WHAT IS NEEDED :: Everything from the line with "second richest female musician 2019" to the line with "Euro 2020: You" in the listing below, both lines included, needs to be copied exactly, apart from the pictures.

INPUT FOR THIS TASK ::
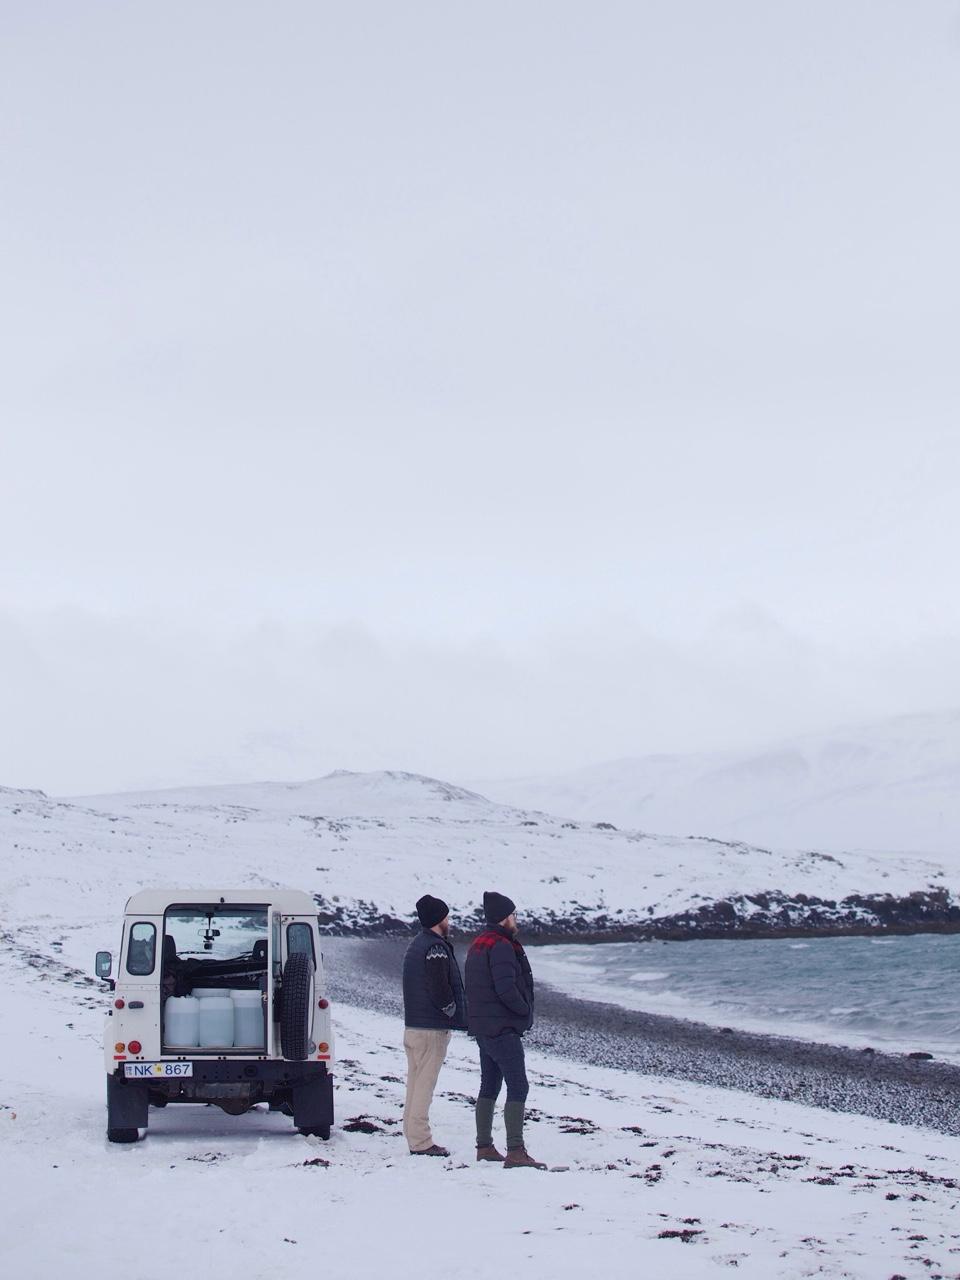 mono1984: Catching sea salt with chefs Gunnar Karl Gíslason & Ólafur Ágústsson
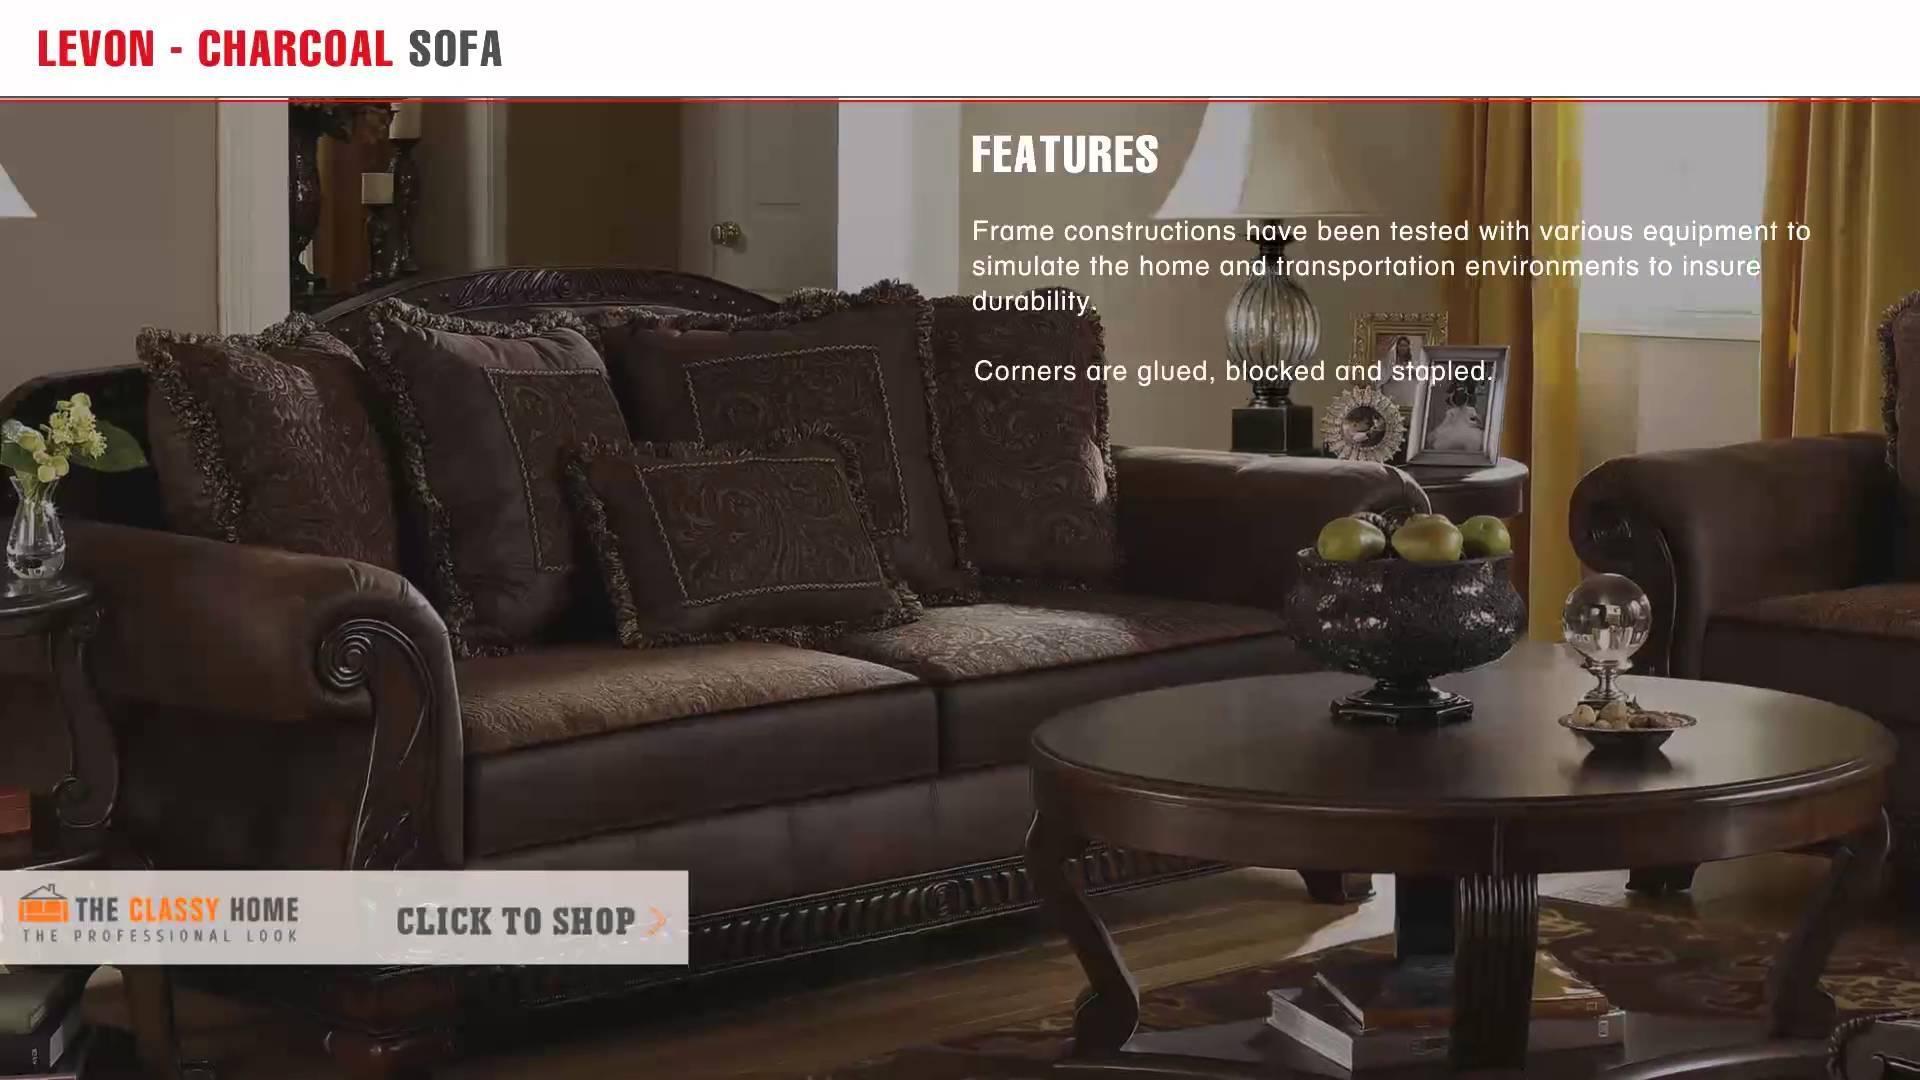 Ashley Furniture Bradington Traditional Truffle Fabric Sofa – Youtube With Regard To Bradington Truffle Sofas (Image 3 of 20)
---
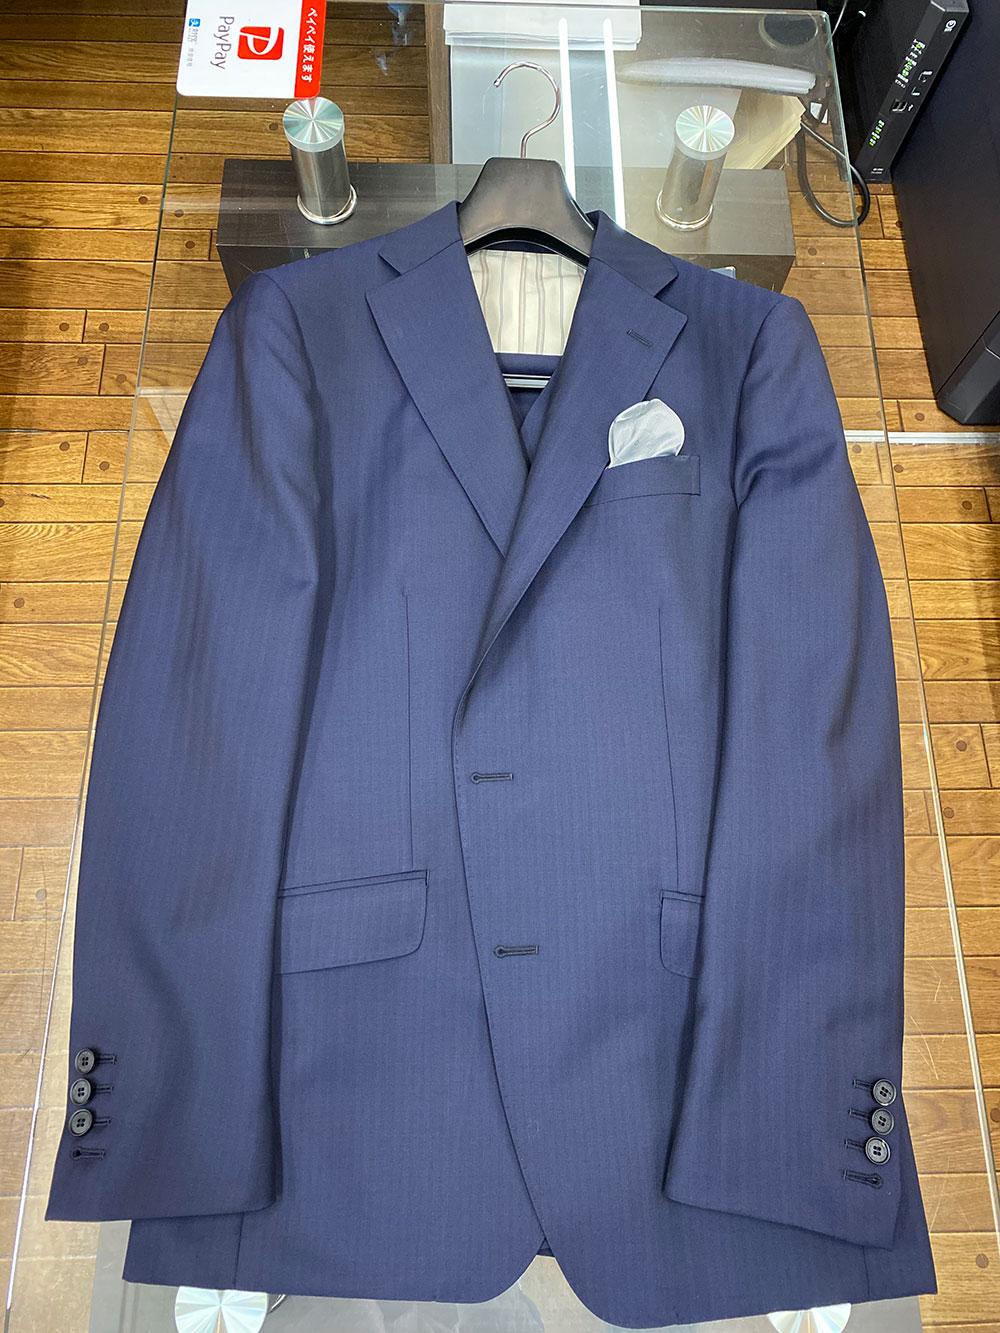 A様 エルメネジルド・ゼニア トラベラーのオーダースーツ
* * *
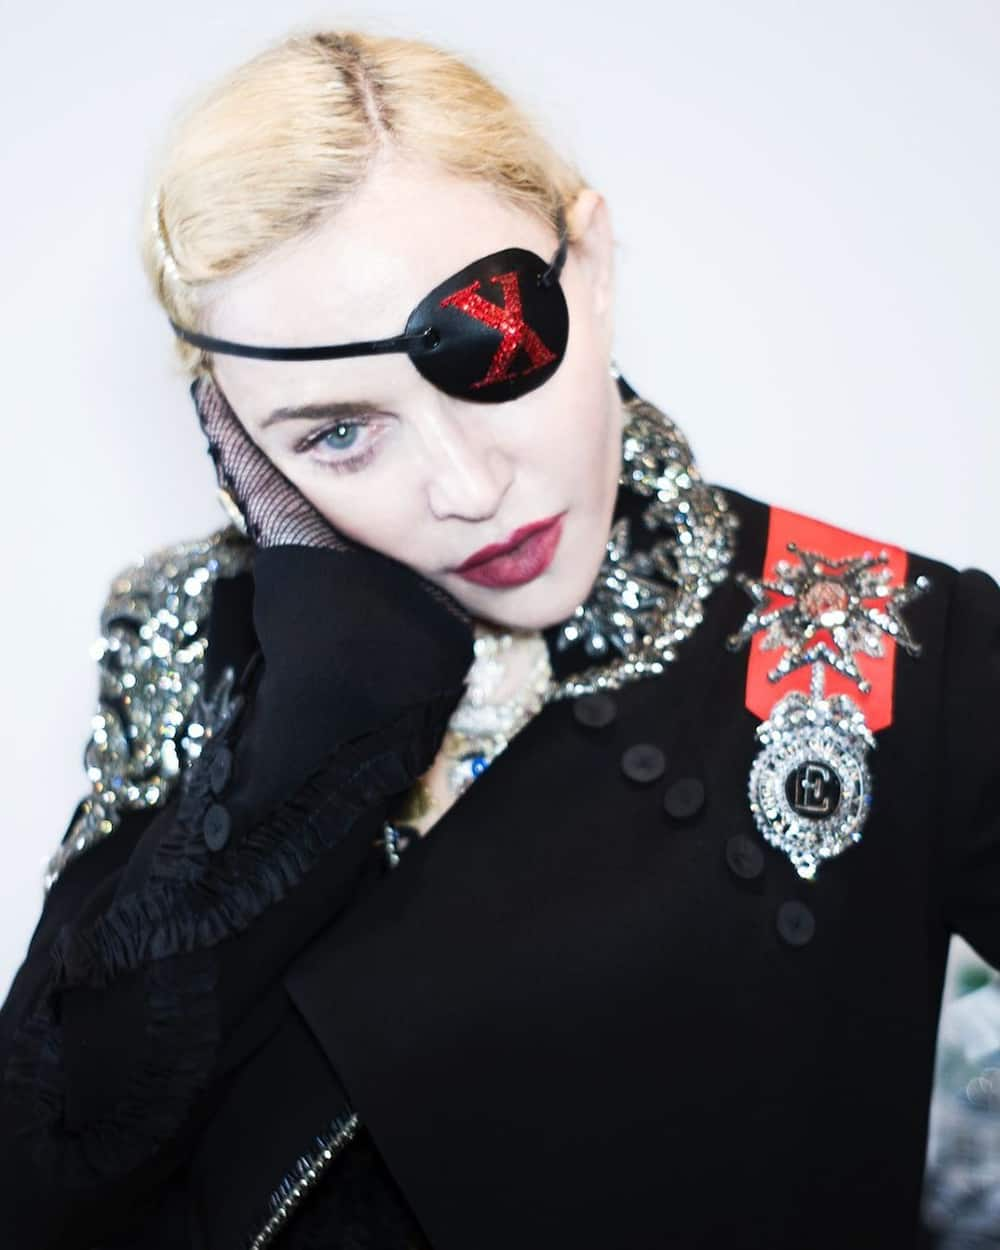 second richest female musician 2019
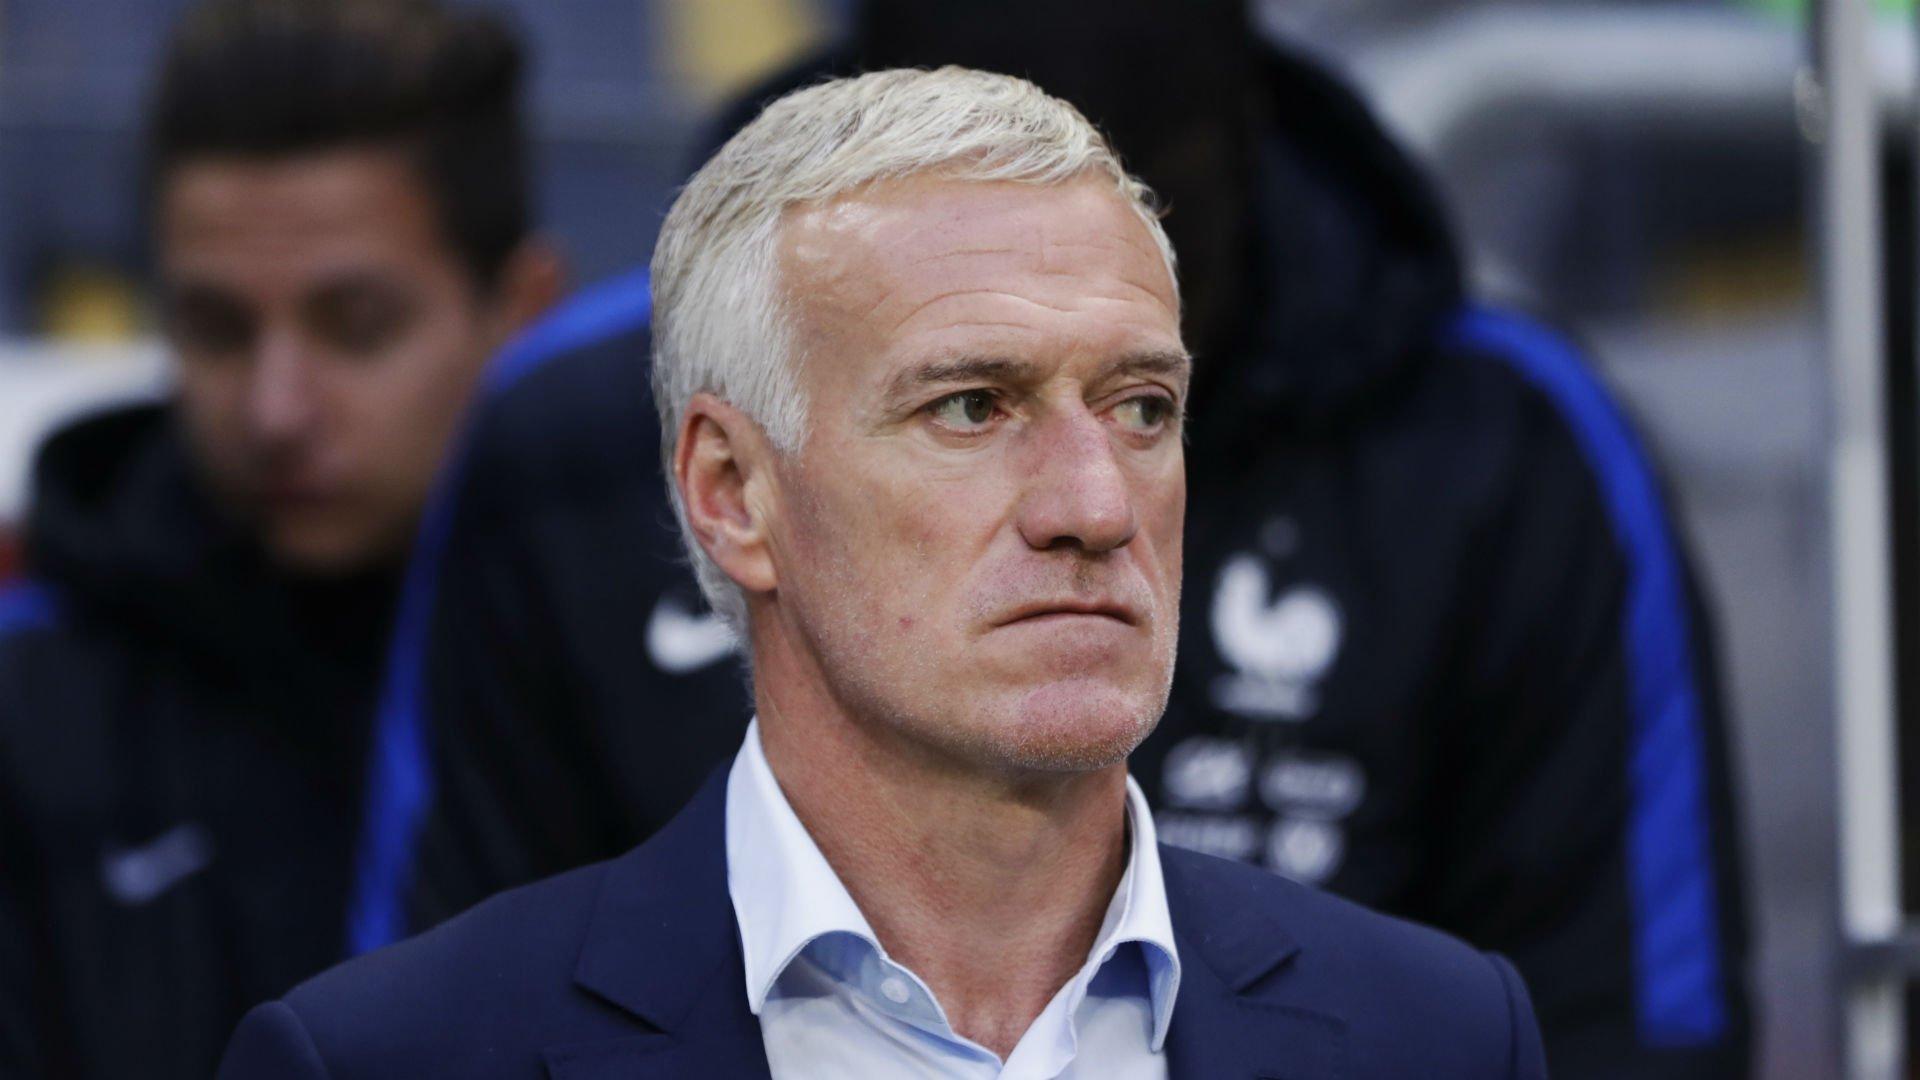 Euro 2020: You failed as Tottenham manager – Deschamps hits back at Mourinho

EXERCISE RESULT ::
 second richest female musician 2019
 Euro 2020: You failed as Tottenham manager – Deschamps hits back at Mourinho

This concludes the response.